Austin City Council comes close, but postpones final vote on land-use policies after 12-hour debate


The city of Austin took a half-step forward in creating a more progressive land-use code after City Council spent hours debating and reaching some agreement April 25 around the more contentious aspects of the city’s land-development policies.

City Council worked to meet the request from City Manager Spencer Cronk, who asked the elected representatives in March to guide his staff through what he considered the five most polarizing issues related to the city’s land code—the scope of the rewrite, housing supply and typology, building compatibility standards and parking requirements—in order for his team to move forward on a code proposal. Austin has been struggling to overhaul its code since 2012, when the community agreed a major revision was needed to manage the city’s rapid population and development boom.

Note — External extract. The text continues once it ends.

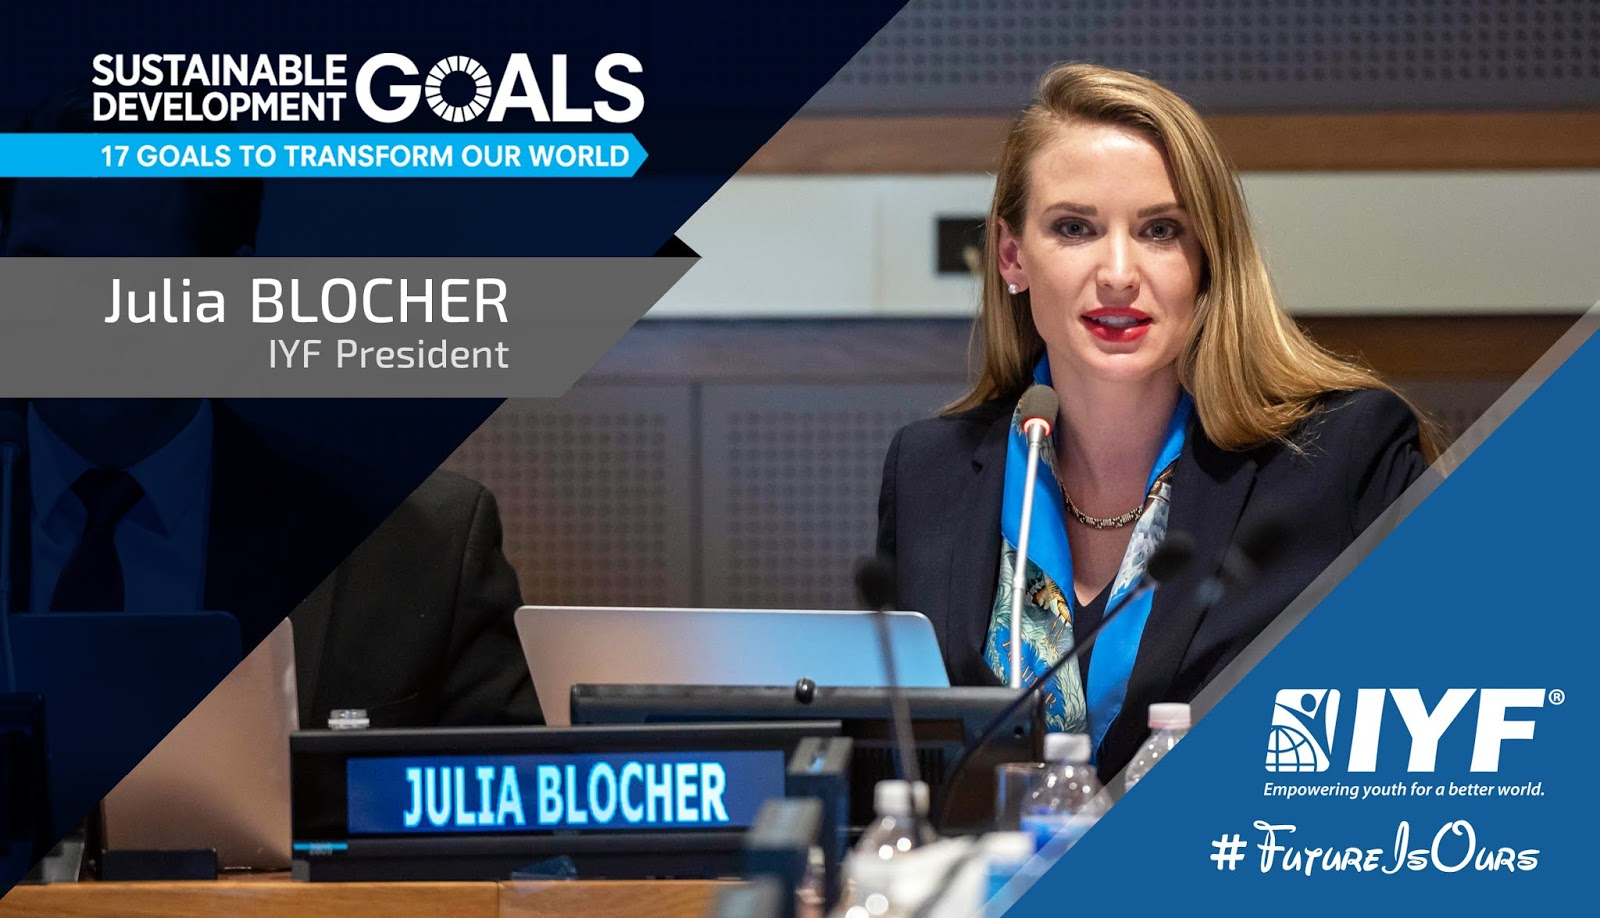 Julia BLOCHER, IYF President
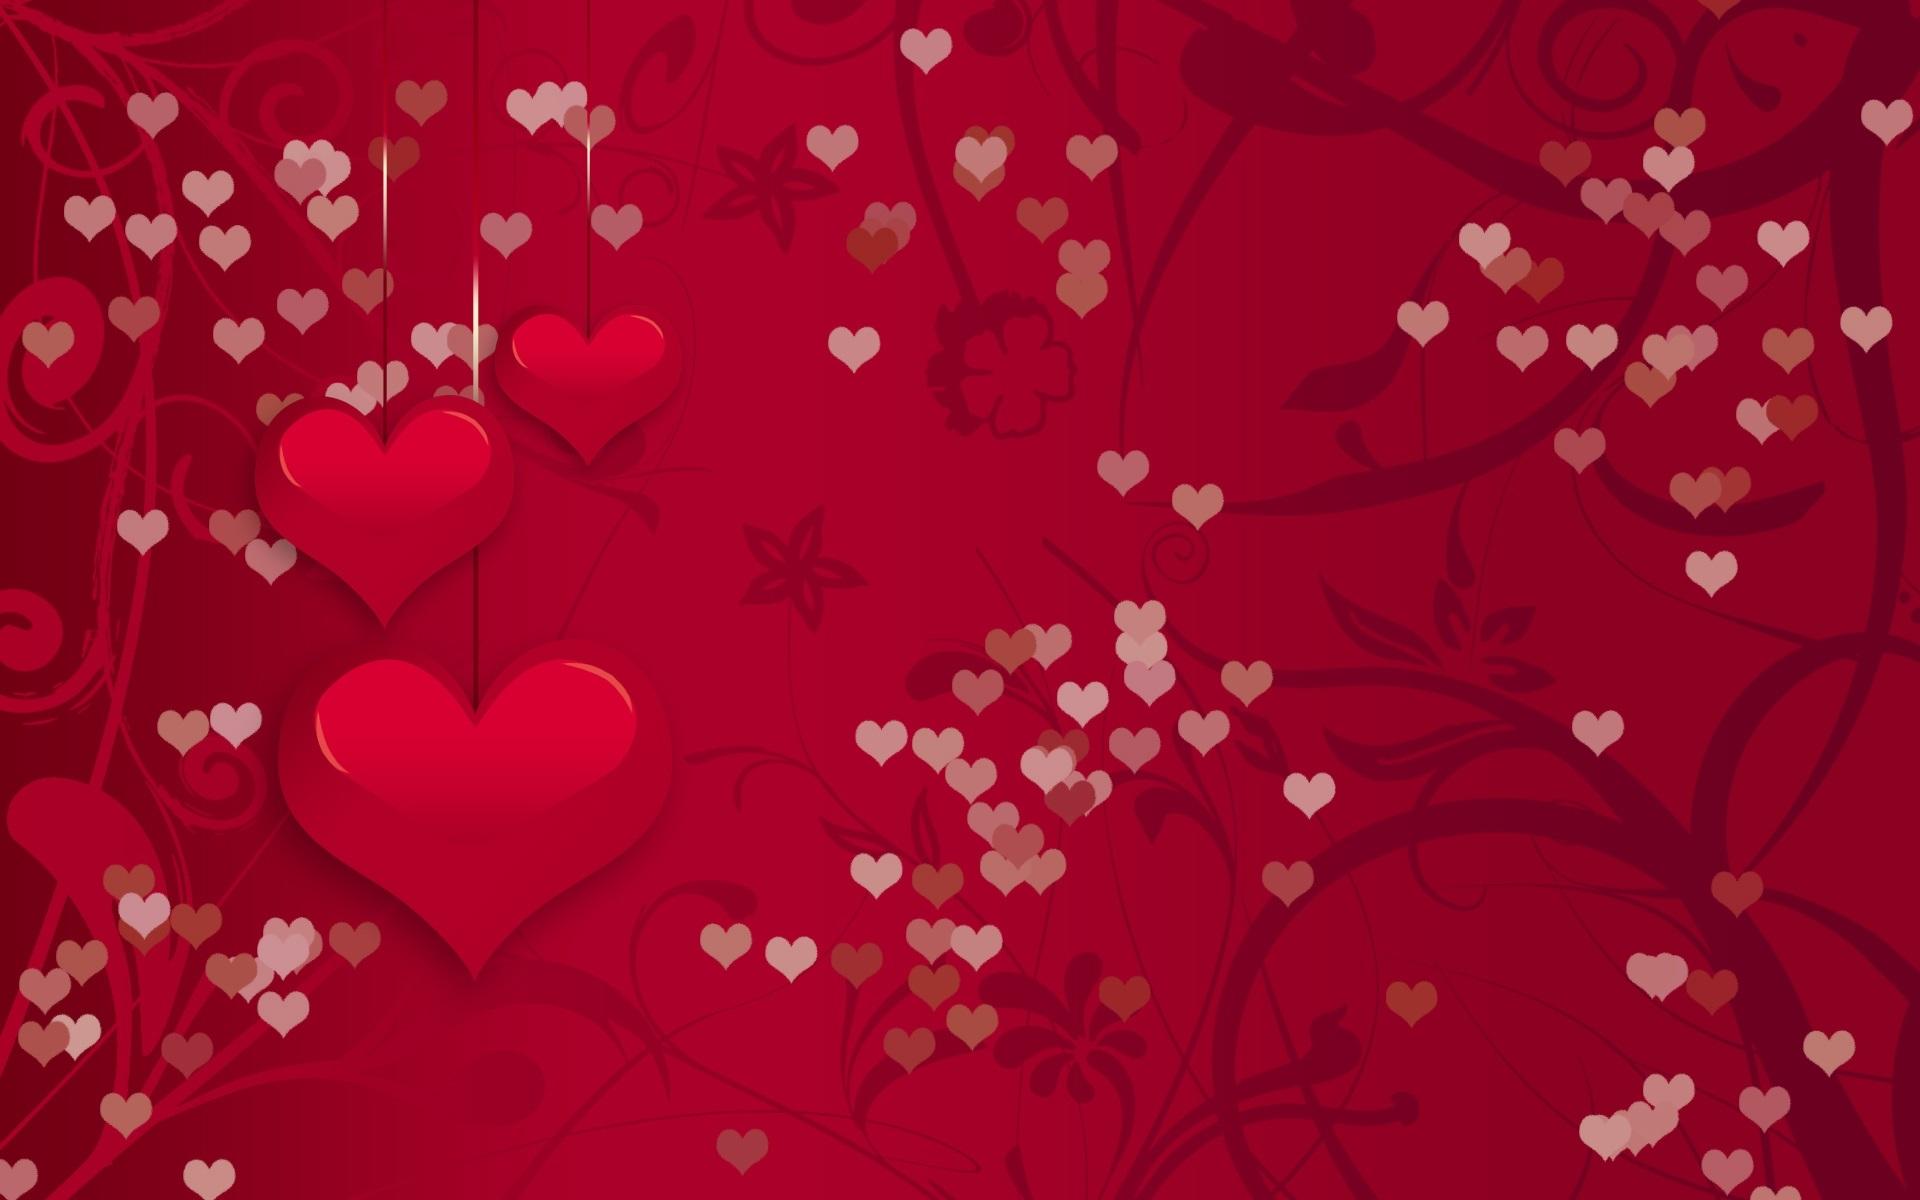 Картинки с сердечками Красивые: Обои на телефон с сердечками

However, after a 12-hour stretch of deliberation—broken up only by lunch and dinner breaks—City Council was unable to reach a final consensus on policy positions and agreed to call a special meeting next week to finish what was started. No date was immediately set.

The April 25th meeting was vintage Austin City Council, reminiscent of the long, late and laborious meetings that were common over the last few years, but have recently been rare. As City Council members worked to find agreement on the five questions, the dais saw roughly 50 pages worth of policy amendments, testy and impassioned exchanges between representatives, in-the-weeds wordsmithing and an adjournment just shy of 12 a.m.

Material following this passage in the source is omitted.